O apostador

Os amigos Felisberto e Torquato estavam em um bate-papo especial, aliás, o bar do Felisberto assim como a barbearia do Otávio, vizinha sua, têm essas características: sobre quase tudo se discute, mas raramente chegam a alguma conclusão lógica. Barbearias, bares, bem como motoristas de táxi e os de aplicativo sabem que de certa forma são também psicólogos; está incluído no “cardápio”.

Mas nesse dia Felisberto ficou preocupado. Torquato o deixou com uma pulga atrás da orelha. Torquato era muito otimista, embora vivendo um momento financeiramente muito difícil. Tanto era assim que quando Torquato disse:

– Do jeito que vai a situação, meu amigo Felisberto, daqui a uns 10 anos, vai haver muita gente comendo lixo.

Com o peito estufado e a mão direita levantada, Felisberto acrescentou:

– Dúvido que terá lixo pra todo mundo.

Torquato achou o comentário de Felisberto muito pessimista. Perguntou ao amigo quanto devia em seu bar. Felisberto, sabendo da situação de Torquato disse que era a 4ª vez que ele fazia a mesma pergunta em apenas 4 dias. Que não era para esquentar a cabeça. Ainda assim, vendo a preocupação do amigo, Felisberto disse que ele devia 444 reais, mas que o amigo não devia se preocupar. Queria que resolvesse seus problemas, suas contas mais importantantes e que deixasse o bar por último. Disse que estava tudo bem. Torquato abriu sua carteira e tinha 44 reais. Iria visitar seu irmão, João, que mora em Curitiba e já tinha ganhado dele a passagem de presente. Fez questão de mostrá-la a Felisberto. O amigo pegou sua passagem e disse que era um bom lugar, bem lá atrás, tranquilo, poltrona número 44. Torquato despediu-se e foi para sua casa.

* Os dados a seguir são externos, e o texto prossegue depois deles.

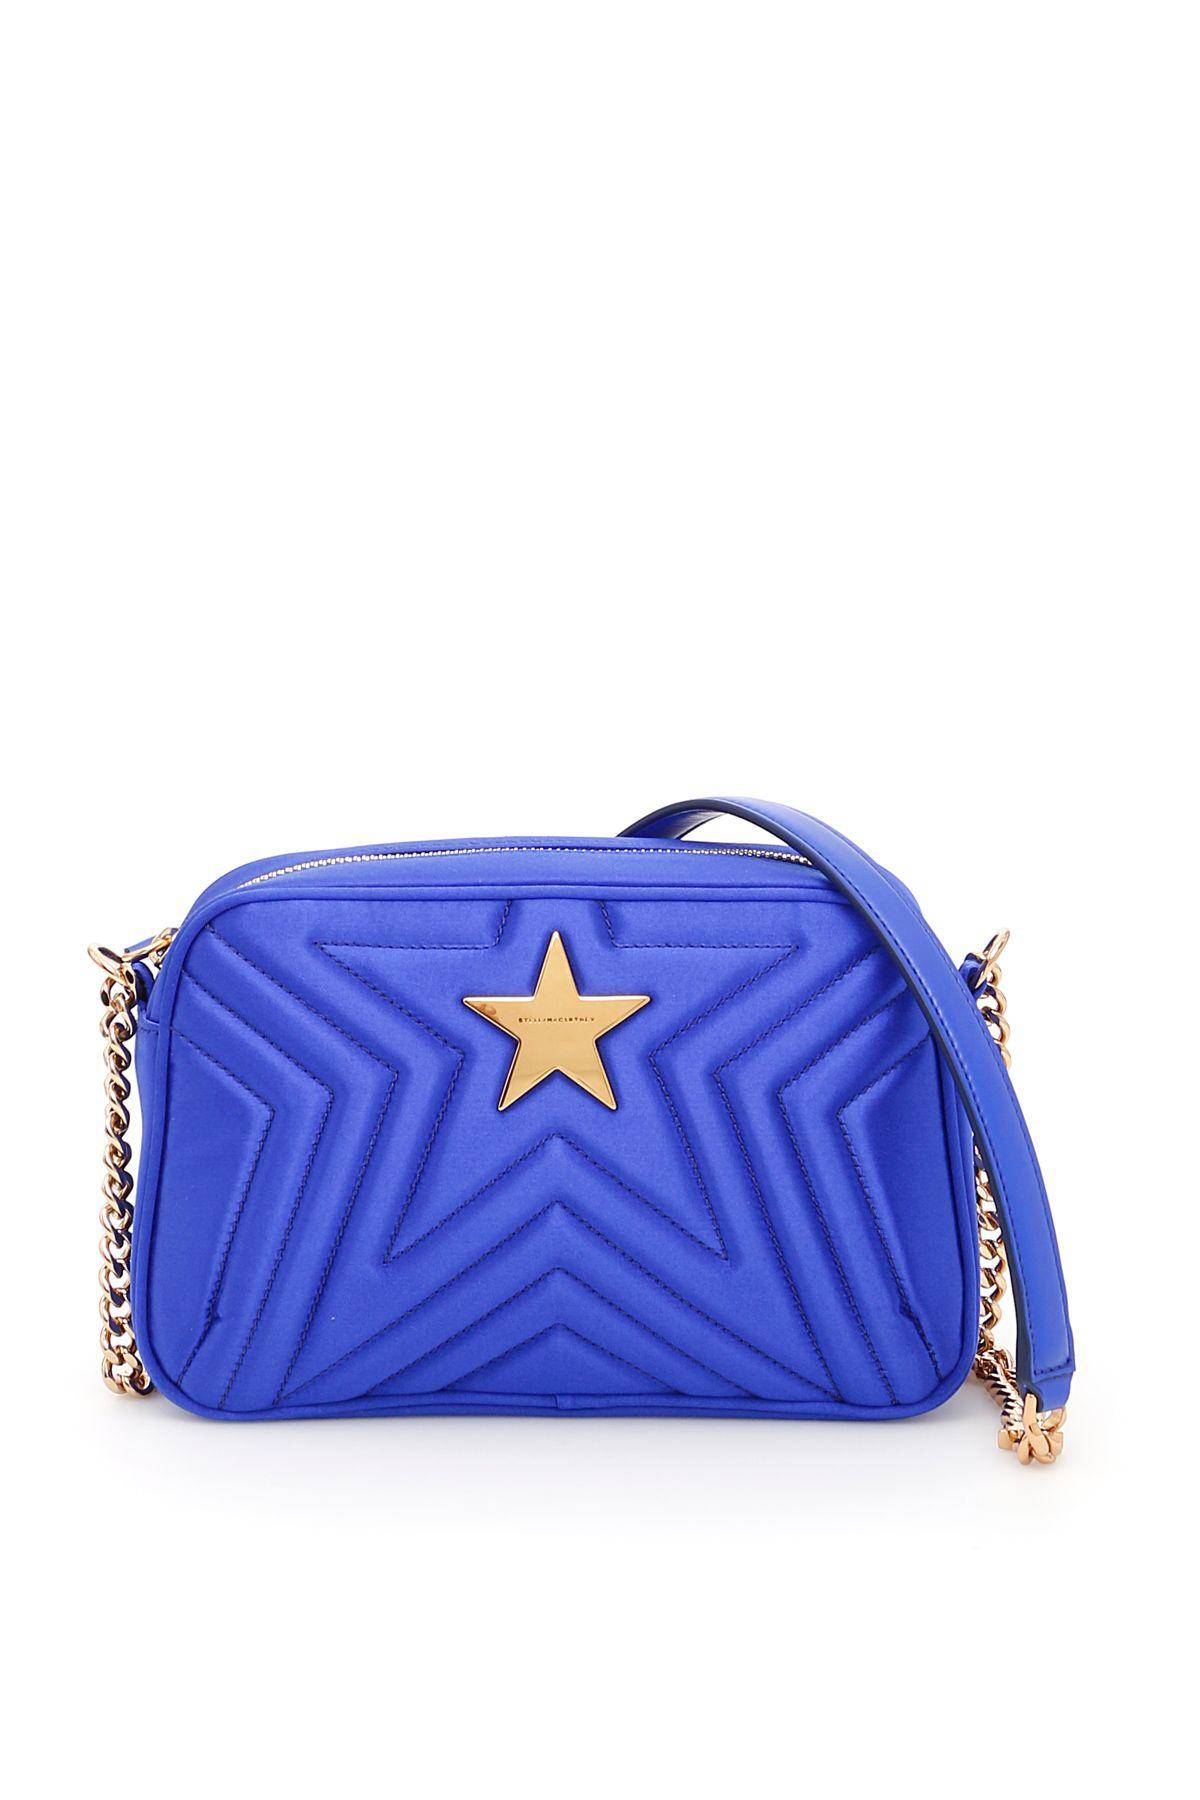 2690527c3f74 Stella McCartney - Quilted Satin Stella Star Bag

Quando Torquato entra em casa vê uma mala na sala e pensa que a esposa com quem está casado há 4 anos fez a gentileza de ajudá-lo. Assim que a viu ela lhe soltou todos os cachorros da vizinhança. Disse que estava cansada. Cansada de um homem de 44 anos que depois de 4 anos de casado estava há 4 anos cada vez mais endividado e há 4 meses desempregado. E o pior, sua mania de achar que a solução viria por uma loteria, jogo de bicho ou corridas de cavalos. E corrida de cavalos não saia mesmo da cabeça de Torquato. No dia seguinte estaria em Curitiba e daria um jeito de apostar com a certeza de ganhar. A esposa, Noeli, jogou num gesto de raiva as contas no chão. Pelo menos 4 delas estavam com mais de 4 meses de atraso. E a mala que Torquato viu assim que entrou em casa não era para ele, havia mais 3, eram de Noeli. Com 4 malas prontas ela disse que tudo entre eles estava acabado, que estava de partida e se foi.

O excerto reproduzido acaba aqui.